# Town Map Maker



## doctorjeff98 (Jul 2, 2003)

This week's addition to the RPG Toolbox is an online Town Map Maker available for free use at Dimensions Game Software


----------



## doctorjeff98 (Jul 15, 2003)

It's official---thousands of people have The Town Map Maker (a simple point-and-click utility) my most popular RPG tool.  The World Builder is running a close second.  I hope it's ok to pat myself on the back.


----------



## Mouseferatu (Jul 15, 2003)

doctorjeff98 said:
			
		

> *It's official---thousands of people have The Town Map Maker (a simple point-and-click utility) my most popular RPG tool.  The World Builder is running a close second.  I hope it's ok to pat myself on the back.  *




Don't strain; I'll pat you on the back for you.  

The Town Maker--and specifically the random town feature--is something I've been looking for for _ages_, and I will be making frequent use of it.

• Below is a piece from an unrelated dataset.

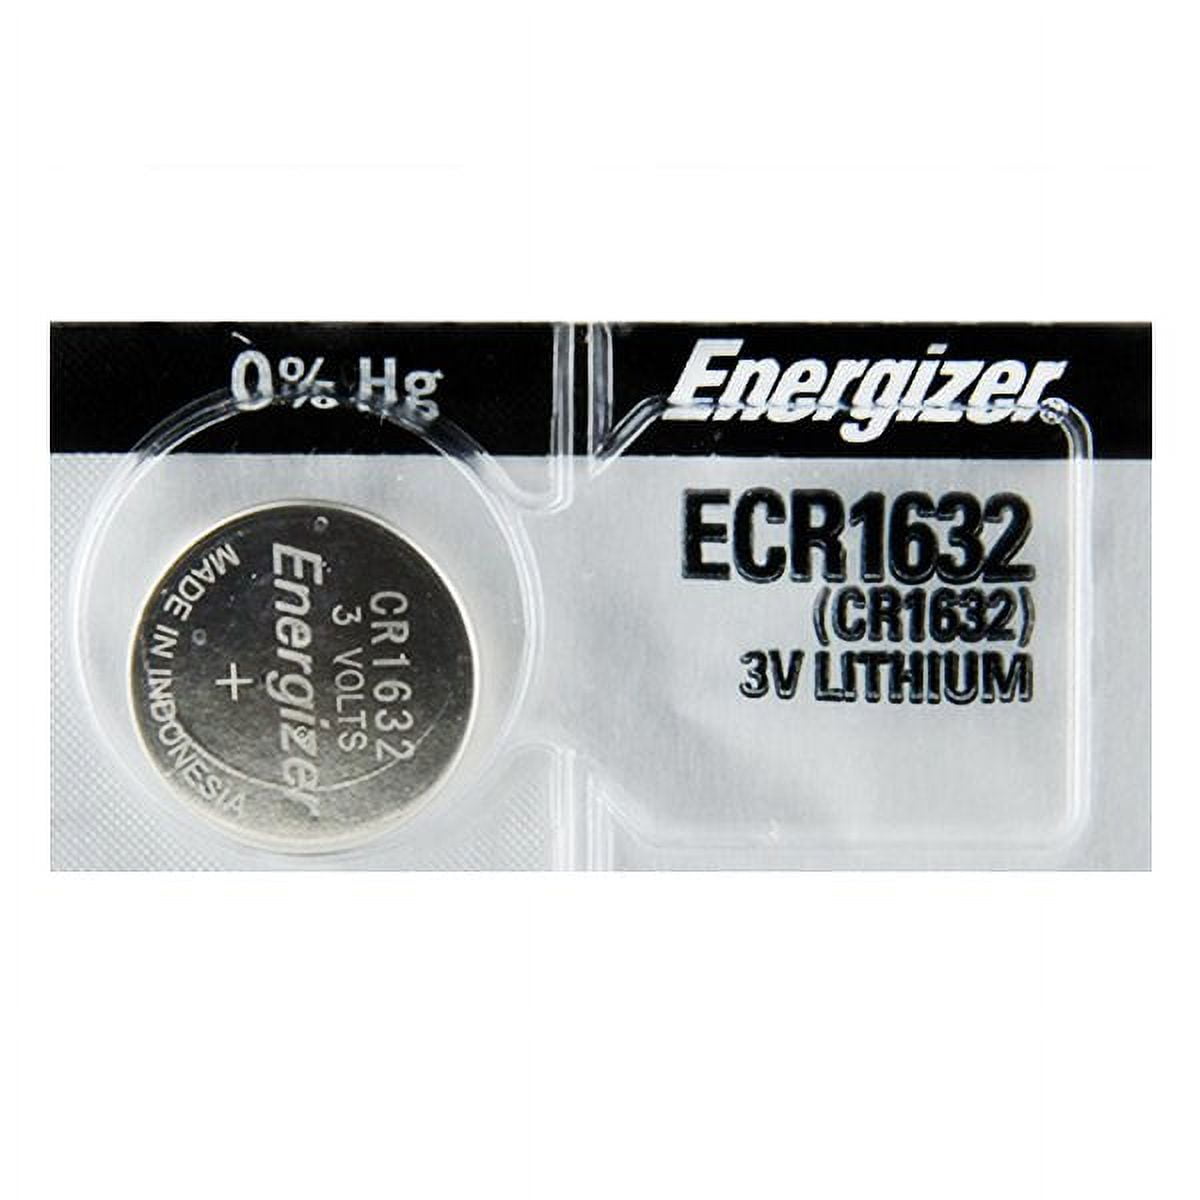  Energizer Battery, 3V Lithium Coin Cell Batteries, Packaging  May Vary, Black, 2 Count : Health & Household

Now, if you could create a similar random generator for full-sized cities, I'll give you my first-born.


----------



## doctorjeff98 (Jul 15, 2003)

Hmmm, what features would you want such a program to have?   I'm always up for a challenge.

Also, I just followed your link and noticed that you too had a bravenet counter---I got rid of mine when they changed them and switched to SiteMeter.com---so far (oh, about 2-3 days), I'm very happy with it.


----------